Transformando el sistema de registro de la identidad, por Ariana Jaúregui

El pasado 9 de enero la Corte Interamericana de Derechos Humanos publicó una Opinión Consultiva pronunciándose sobre algunas de las obligaciones estatales vinculadas al reconocimiento de derechos de población LGBTIQ+. La Opinión Consultiva responde a una solicitud planteada por Costa Rica el 16 de mayo de 2016, en la que pedían una interpretación de la Corte sobre los temas de identidad de género y los derechos patrimoniales derivados de vínculos entre personas del mismo sexo. Si bien esta opinión consultiva se popularizó por su posición a favor del matrimonio entre personas del mismo sexo, es importante también evaluar los alcances de este pronunciamiento en relación a las personas trans y su derecho al reconocimiento de la identidad de género[1].

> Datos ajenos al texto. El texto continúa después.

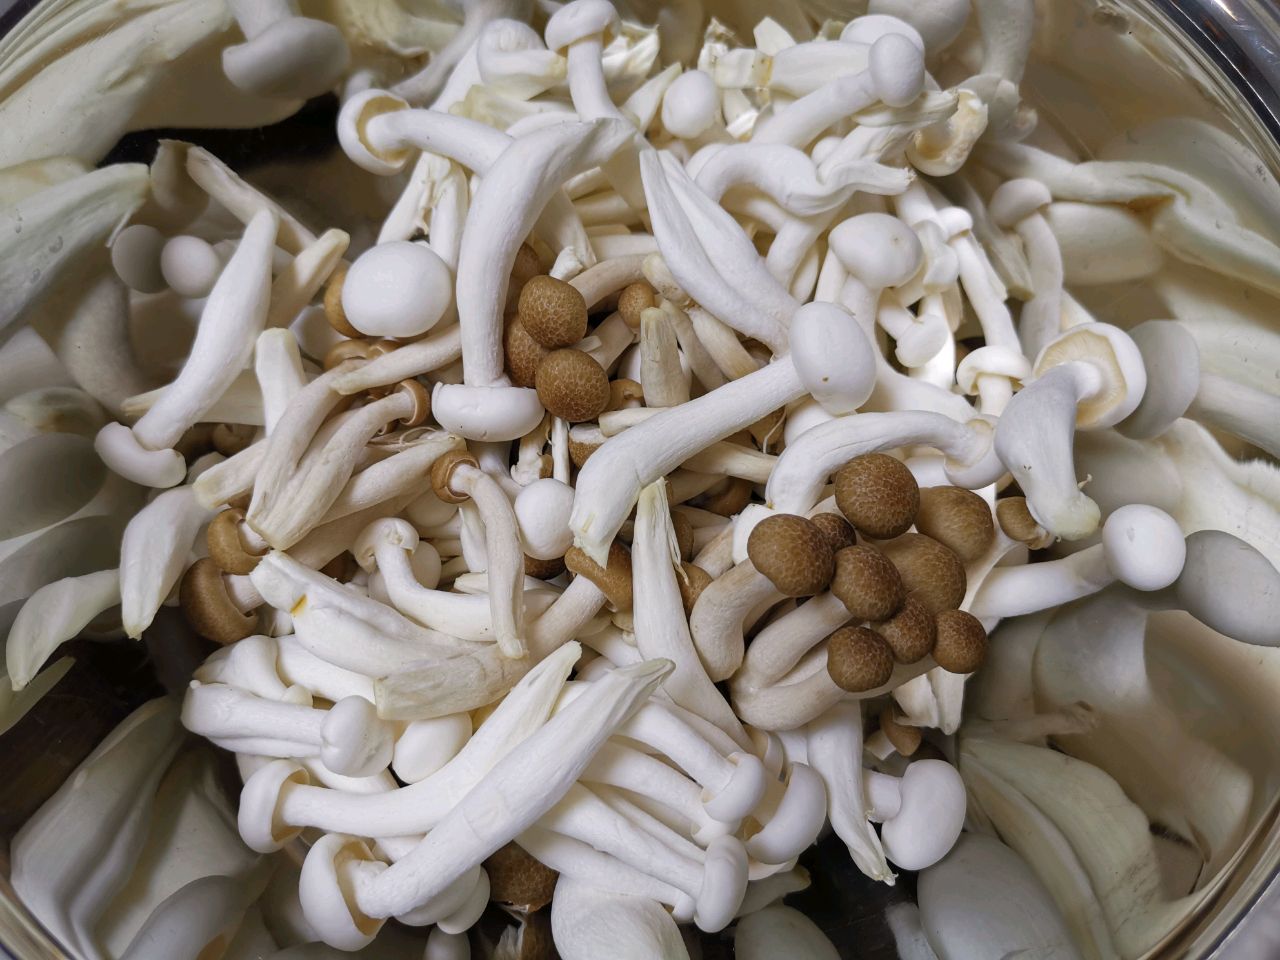 青菜炒蘑菇,青菜炒蘑菇的家常做法 - 美食杰青菜炒蘑菇做法大全

En concreto, la Corte consideró que el cambio de nombre, la adecuación de la imagen, así como la rectificación a la mención del sexo o género, en los registros y en los documentos de identidad para que estos sean acordes a la identidad de género auto-percibida, es un derecho protegido por la Convención Americana sobre Derechos Humanos. Como consecuencia, los Estados están en la obligación de reconocer, regular, y establecer los procedimientos adecuados para tales fines[2].

La OC inicia haciendo alusión al derecho a la identidad, reconocido como uno de los derechos protegidos por la Convención Americana, el cual define como “el conjunto de atributos y características que permiten la individualización de la persona en sociedad[3]. Este derecho se desprende del reconocimiento del libre desarrollo de la persona y del derecho a la vida privada, y se vincula con principios como la dignidad humana, el derecho a la vida y el principio de autonomía de la persona[4].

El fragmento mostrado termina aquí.